- [Exercise details] Having located the line with "de San Petersburgo.", print it and each remaining line exactly, stopping at the end of the material and omitting pictures.

- [Data below]
= = = =

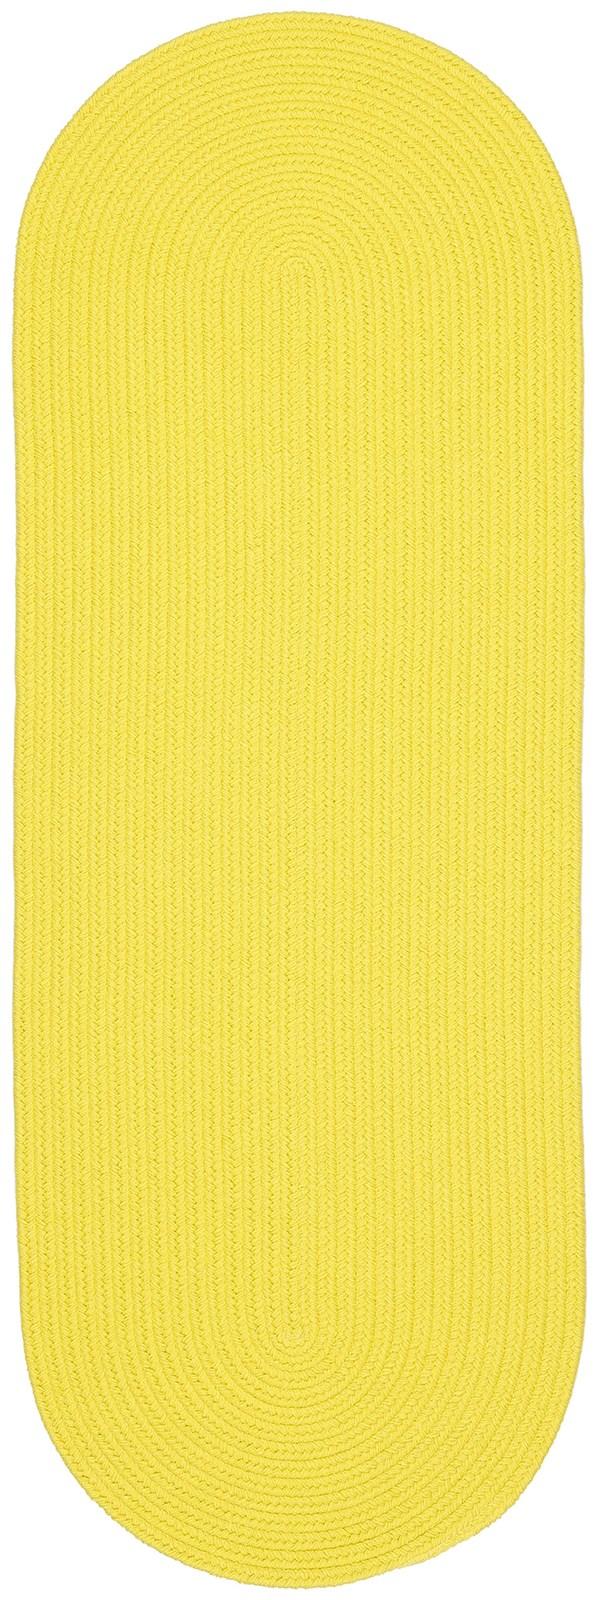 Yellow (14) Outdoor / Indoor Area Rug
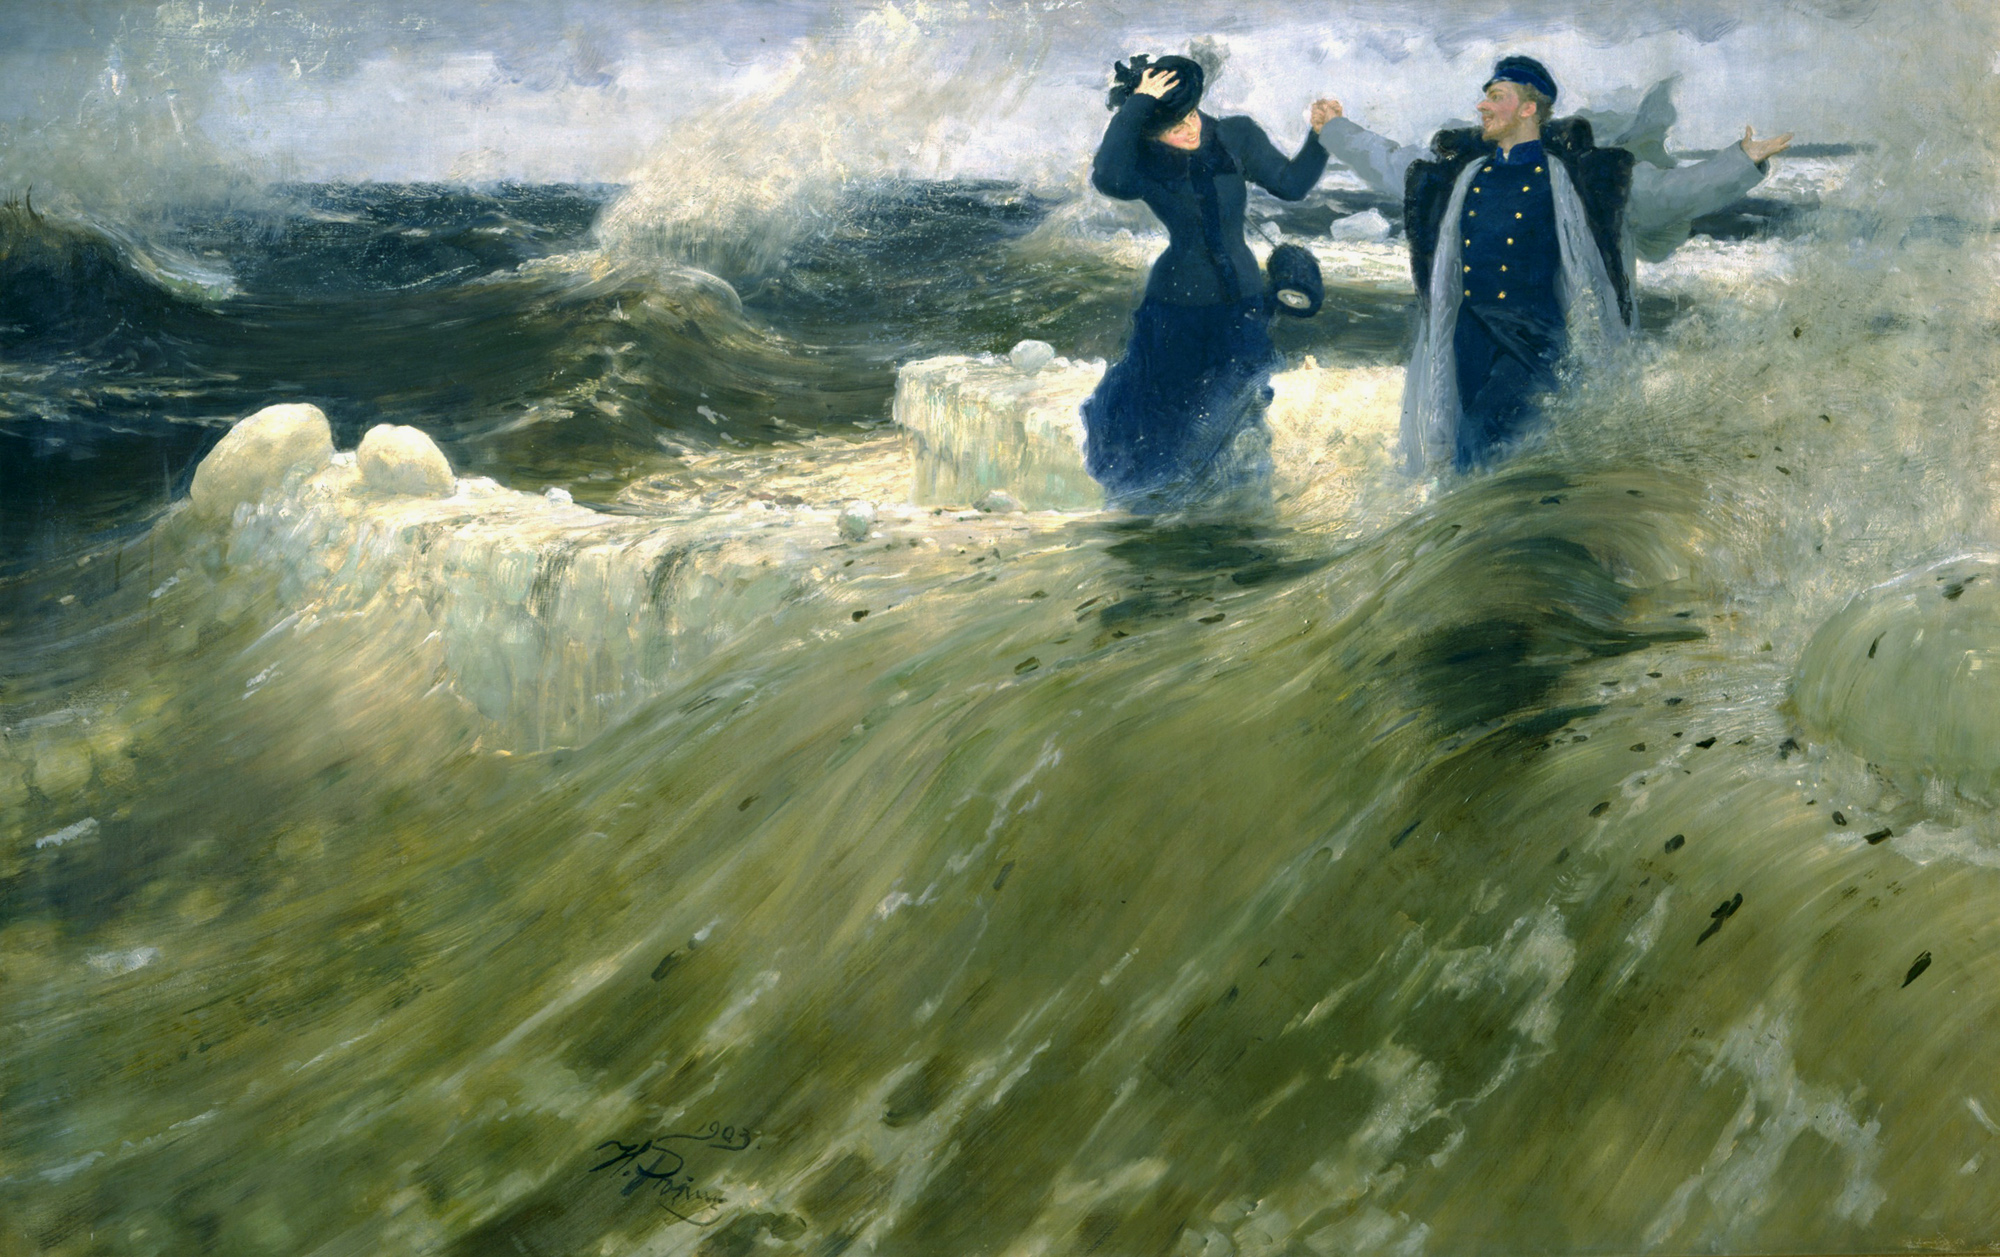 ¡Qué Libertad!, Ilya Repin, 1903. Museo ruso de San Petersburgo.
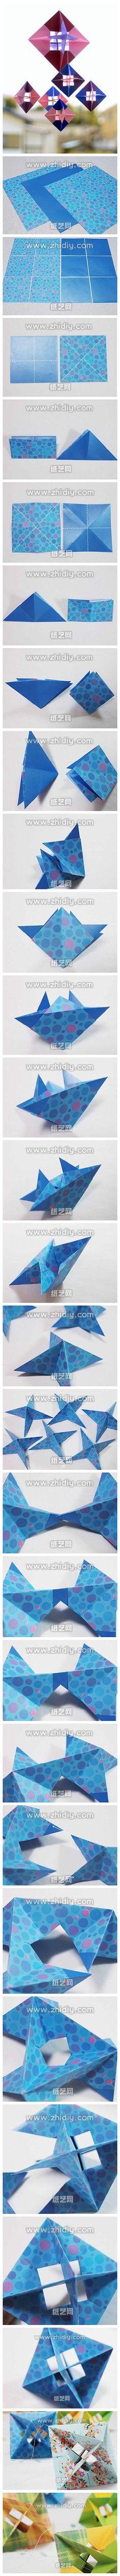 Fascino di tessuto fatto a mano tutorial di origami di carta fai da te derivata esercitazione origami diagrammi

= = = =

- [Written solution]
 ¡Qué Libertad!, Ilya Repin, 1903. Museo ruso de San Petersburgo.
 Fascino di tessuto fatto a mano tutorial di origami di carta fai da te derivata esercitazione origami diagrammi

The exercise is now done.